MCP only sees state changes when the server broadcasts a new frame. Every signal mutation that should be visible to agents needs a server.update() call:
function handleDelete(task: Task): void {
tasks.set(tasks.peek().filter(t => t.id !== task.id))
statusMessage.set(`Task deleted: ${task.title}`)
server.update() // MCP sees the change
}The @geometra/ui input() component renders the input visually but doesn't own the text state — your server does. Wire up a keyboard handler:
const inputValue = signal('')
const inputCaret = signal(0)
function handleKeyDown(e: { key: string; shiftKey: boolean; metaKey: boolean; ctrlKey: boolean }): void {
if (e.key === 'Enter') { handleSubmit(); return }
if (e.key === 'Backspace') {
const val = inputValue.peek(); const c = inputCaret.peek()
if (c > 0) { inputValue.set(val.slice(0, c - 1) + val.slice(c)); inputCaret.set(c - 1); server.update() }
return
}
if (e.key === 'ArrowLeft') {
const c = inputCaret.peek(); if (c > 0) { inputCaret.set(c - 1); server.update() }
return
}
if (e.key === 'ArrowRight') {
const c = inputCaret.peek(); if (c < inputValue.peek().length) { inputCaret.set(c + 1); server.update() }
return
}
if (e.key.length === 1 && !e.metaKey && !e.ctrlKey) {
const val = inputValue.peek(); const c = inputCaret.peek()
inputValue.set(val.slice(0, c) + e.key + val.slice(c))
inputCaret.set(c + 1)
server.update()
}
}
// In view:
input(inputValue.value, 'Placeholder...', {
focused: true,
caretOffset: inputCaret.value,
onKeyDown: handleKeyDown,
})When MCP sends geometra_type({ text: "hello" }), the server receives individual key events that flow through this handler.
geometra_connect({ url: "ws://localhost:3100" })
geometra_page_model({}) // learn the structure
geometra_click({ role: "button", name: "Add Task" })
geometra_snapshot({}) // verify the form appeared
geometra_click({ role: "textbox" })
geometra_type({ text: "Review PR" })
geometra_click({ role: "button", name: "Save" })
geometra_query({ role: "status" }) // verify success
Use geometra_run_actions to combine multiple steps in one round trip:
geometra_run_actions({ actions: [
{ type: "click", role: "button", name: "Add Task" },
{ type: "click", role: "textbox" },
{ type: "type", text: "Review PR" },
{ type: "click", role: "button", name: "Save" }
] })
Always check that an action had the expected effect before proceeding:
geometra_click({ role: "button", name: "Delete Review PR" })

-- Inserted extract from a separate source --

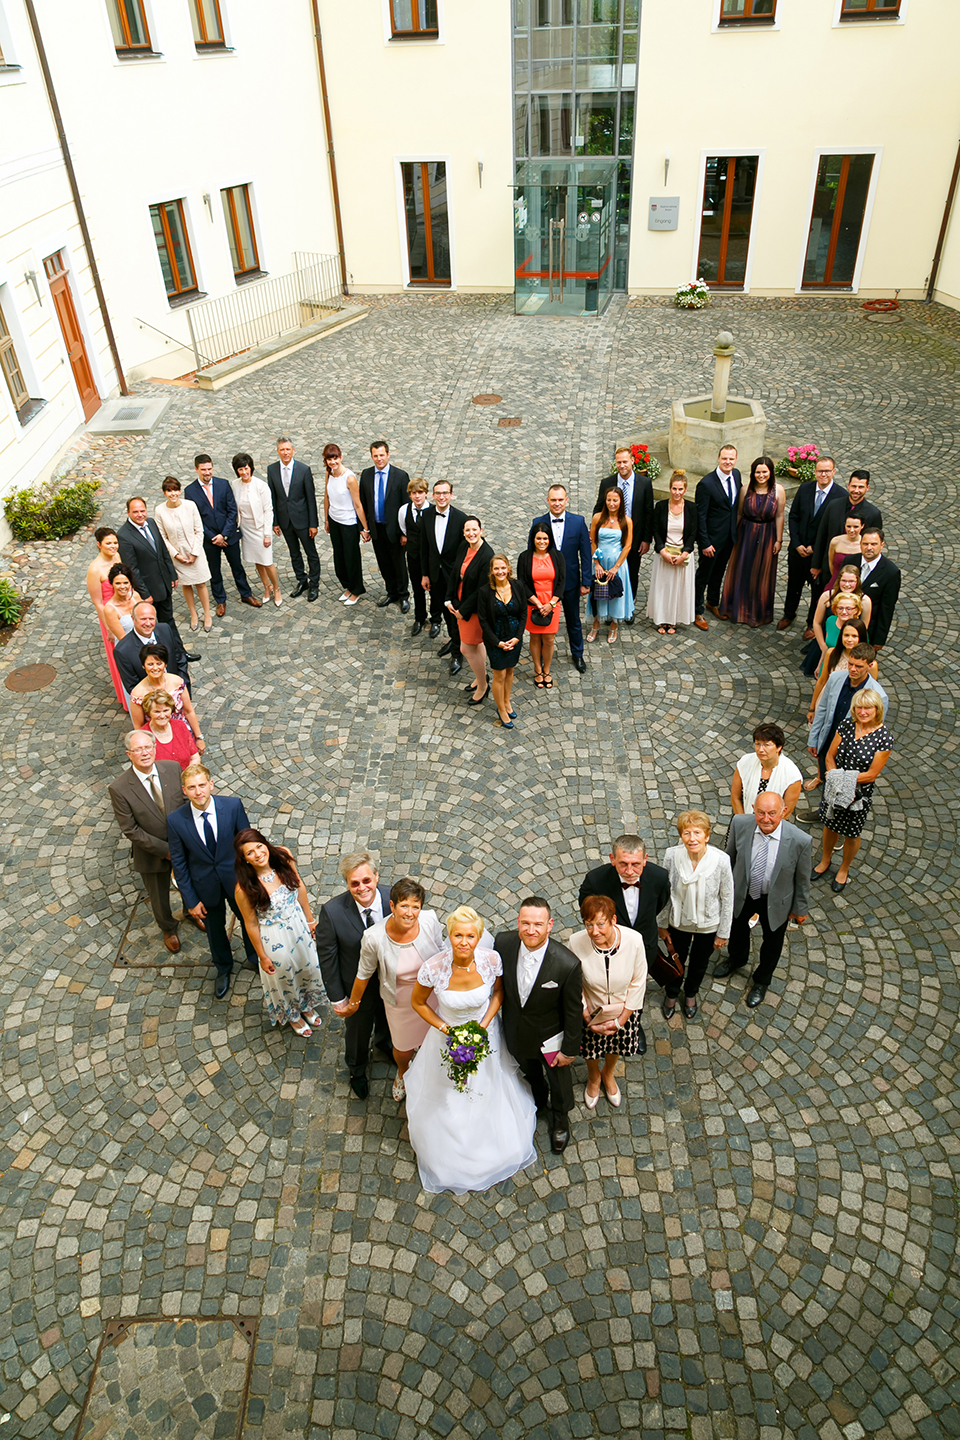 Heiraten auf Schloß Jessen - Fotostudio Ender

geometra_query({ role: "status" })
// Expect: "Task deleted: Review PR"
Multiple MCP clients can connect to the same native server simultaneously. Each calls geometra_connect({ url: "ws://localhost:3100" }) independently.
When one agent modifies state (e.g., adds a task), the server broadcasts the updated frame to all clients. The other agent sees the change in their next geometra_snapshot or geometra_page_model.
No special configuration needed — server.update() broadcasts to all connected WebSocket clients by design.
Example scenario:
- Agent A creates tasks based on a project plan
- Agent B monitors for new tasks and assigns priorities
- A human watches both agents work in real time via the canvas client
geometra_snapshot({ view: "full" })
Returns the complete nested UI tree, not just viewport-visible nodes. Useful for understanding why an element can't be found.
geometra_query({ role: "button" })
Lists all buttons the agent can see. If your button is missing, it likely needs a semantic annotation or an onClick handler.
geometra_layout({})
Returns { x, y, width, height } for every node — useful for verifying layout issues.
See demos/mcp-native-crud/ for a complete working example. The server implements a task manager with add/edit/delete/filter that an agent can fully drive.